Preferably, in the above technical solution, the determining of the change in the Tm value specifically includes: performing fluorescence quantitative PCR asymmetric amplification and melting curve analysis on the reaction system, and judging as drug-resistant mutation of the mycobacterium tuberculosis when the Tm value of a detection sample is more than 2 ℃ lower than that of a control tube; when the detected sample has double peaks, one peak Tm value is consistent with the control Tm value (the difference is less than 1), and one peak Tm value is lower than the control Tm value by more than 2 ℃, the result can be interpreted as the mycobacterium tuberculosis hybrid drug-resistant mutation.

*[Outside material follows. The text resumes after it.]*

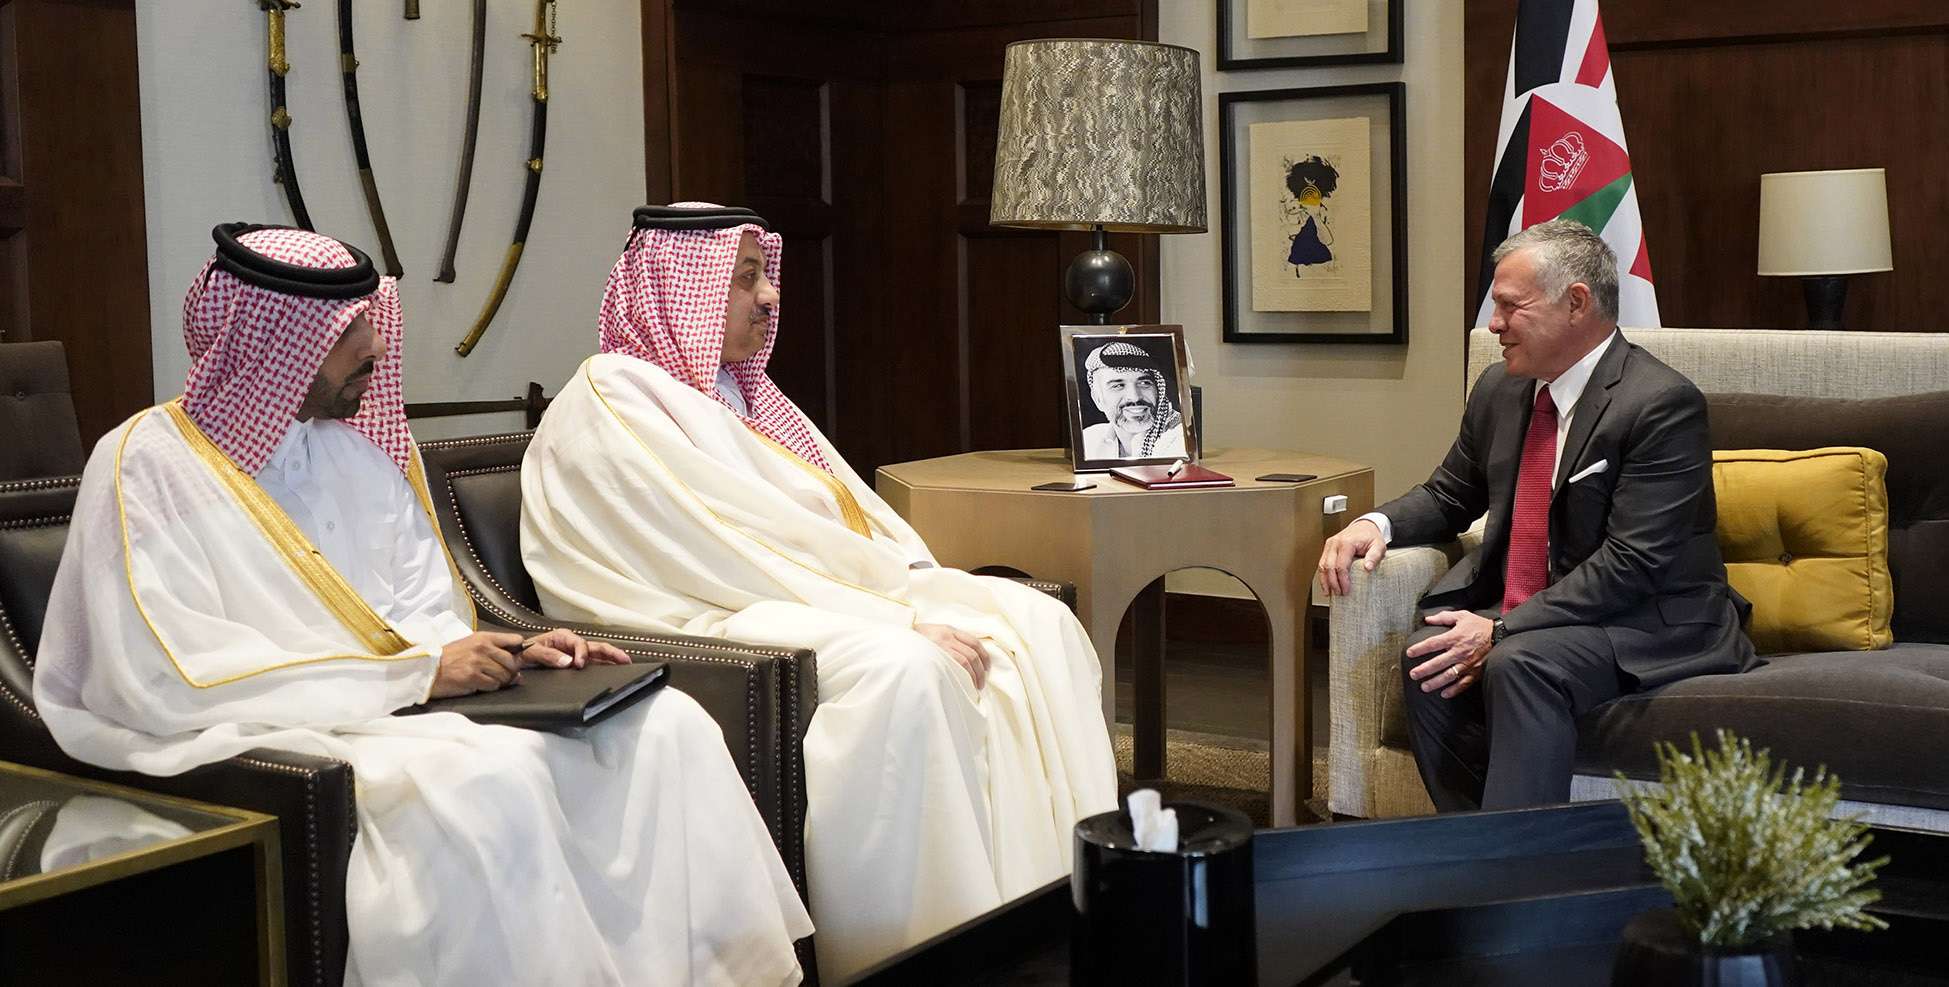 Jordanian King Abdullah II (R) receiving Qatar's Deputy Prime Minister of Qatar and Minister of State for Defence Affairs Khalid bin Mohammed Al-Attiyah (C) in the capital Amman
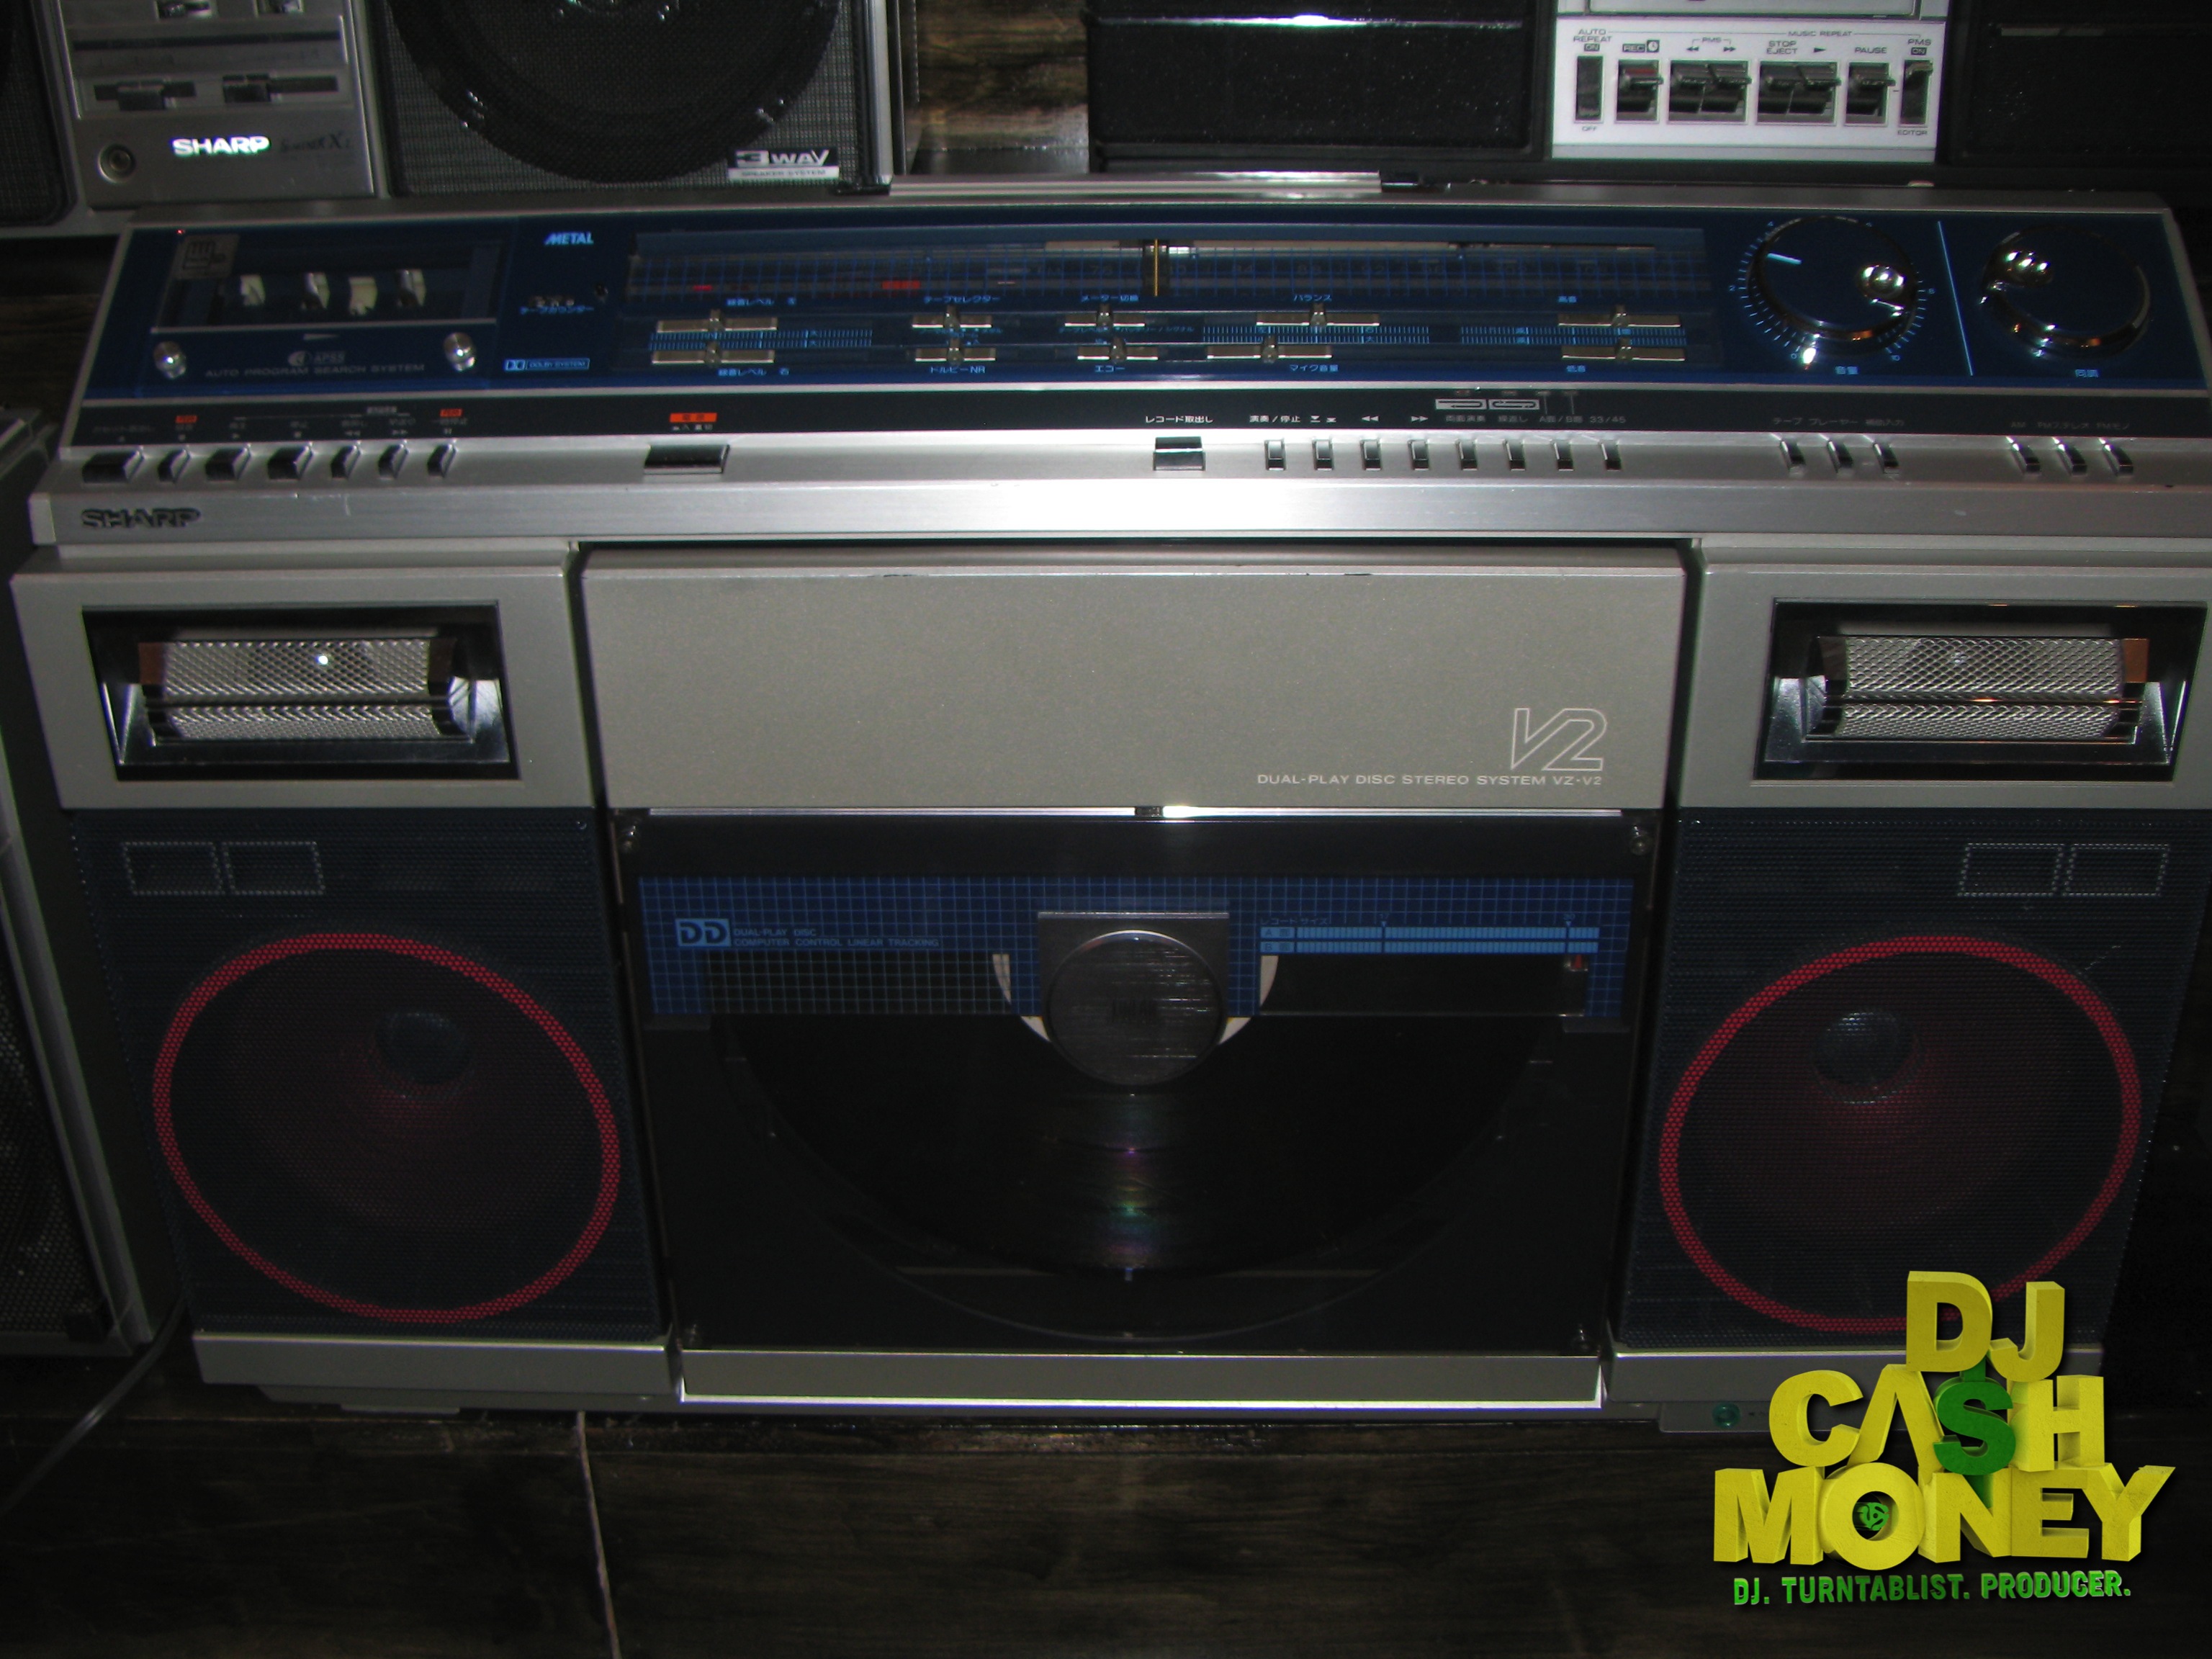 Another classic boombox from Sharp

Compared with the prior art, the invention has the following beneficial effects:

the mutation of the present invention is provided on a probe, and in order to increase the resolution of the probe, a partial base mutation is introduced into a base sequence on the probe to more easily distinguish a drug-resistant mutation.

The method ensures that the probe in the system is excessive, and the residual probe after PCR amplification and shearing can be subjected to melting curve analysis with the generated product single-stranded DNA.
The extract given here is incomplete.